Shooting the Messenger Again
The Kenyan government has already slagged off journalists for reporting on piracy, the UN’s special representative has accused us of passing on pirate propaganda, and now it’s my old pal, Andrew Mwangura, who is getting it in the neck. For the past decade or so he has been monitoring piracy from the Kenyan port city of Mombasa, making himself a key expert on the phenomenon. Lost your oil tanker in the Gulf of Aden? Andrew is the man to track it down using his network of pirate contacts.
My phone started beeping late last night with news of his arrest. It seems the Kenyan government is not very happy that he was telling journalists the shipment of 33 T-72 tanks was on its way to South Sudan. So they arrested him on suspicion of making inflammatory remarks. He is still in custody, as I write, and has not yet been charged.

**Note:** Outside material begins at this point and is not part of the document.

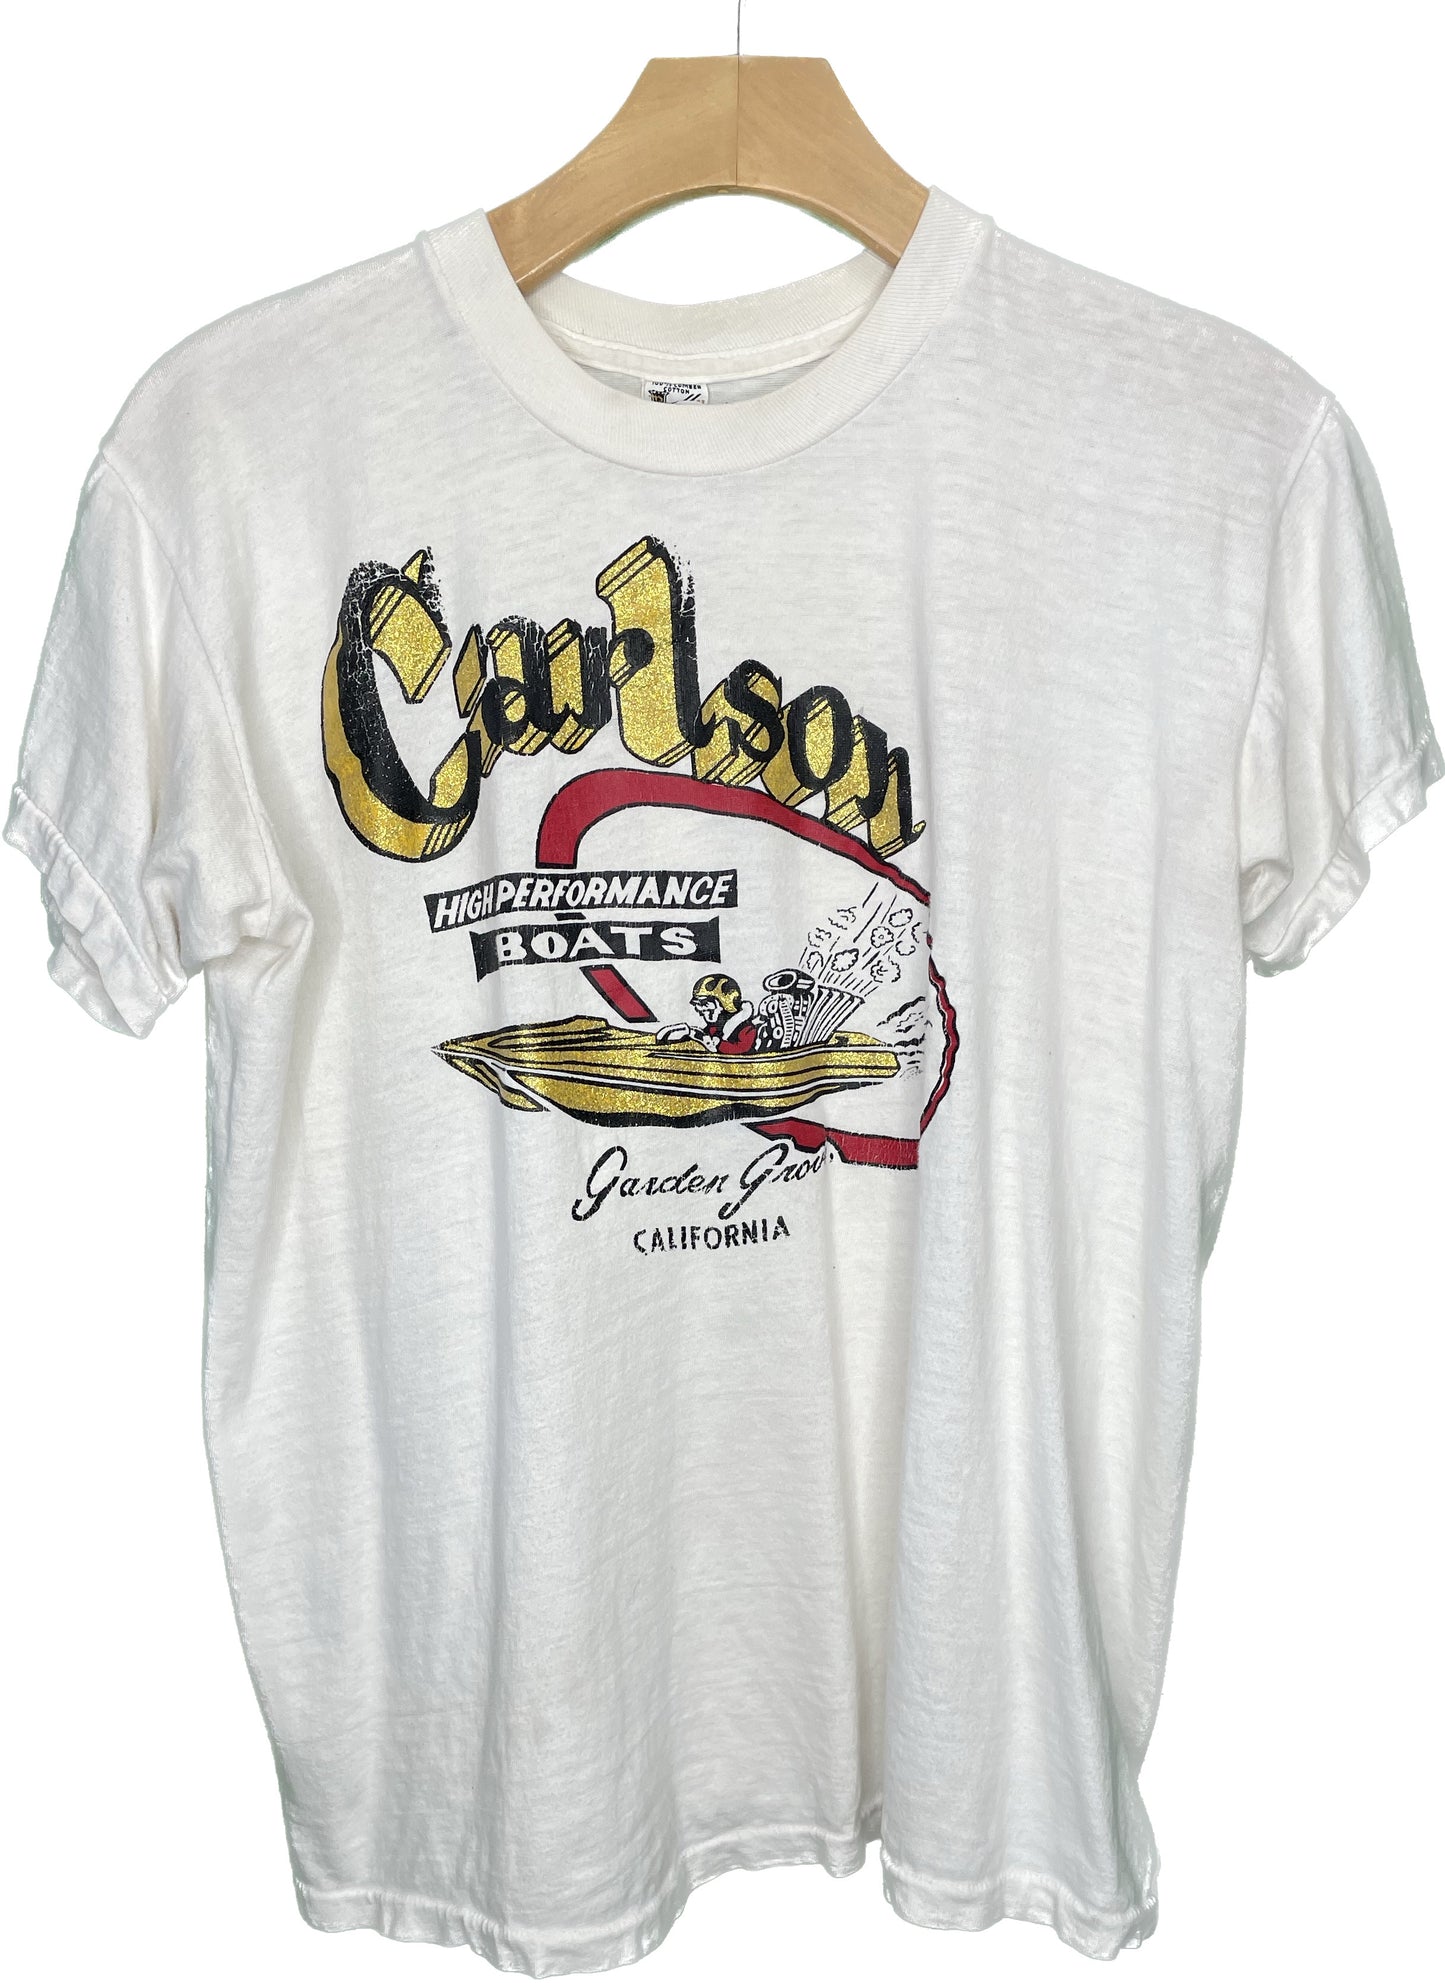 Vintage 60s L/XL Carlson Performance Boats Garden Grove T-Shirt

I have already posted on the truth of the tanks’ destination. I had it confirmed by a military analyst and the US Navy (OK, they said Sudan without specifying north or south – but just look at an atlas and you can work out which of the two is more likely), so I won’t get into that again.
But once again the Kenyan government has shown a remarkable degree of ineptness in its spin operation. By arresting Andrew and by issuing such bizarre denials, they have turned an odd discrepancy into a diplomatic spat and pushed the story on to today’s front page. Kenya’s media enjoy more freedom than in most other African countries. But it still seems that the government’s first move in a crisis is shut down its critics.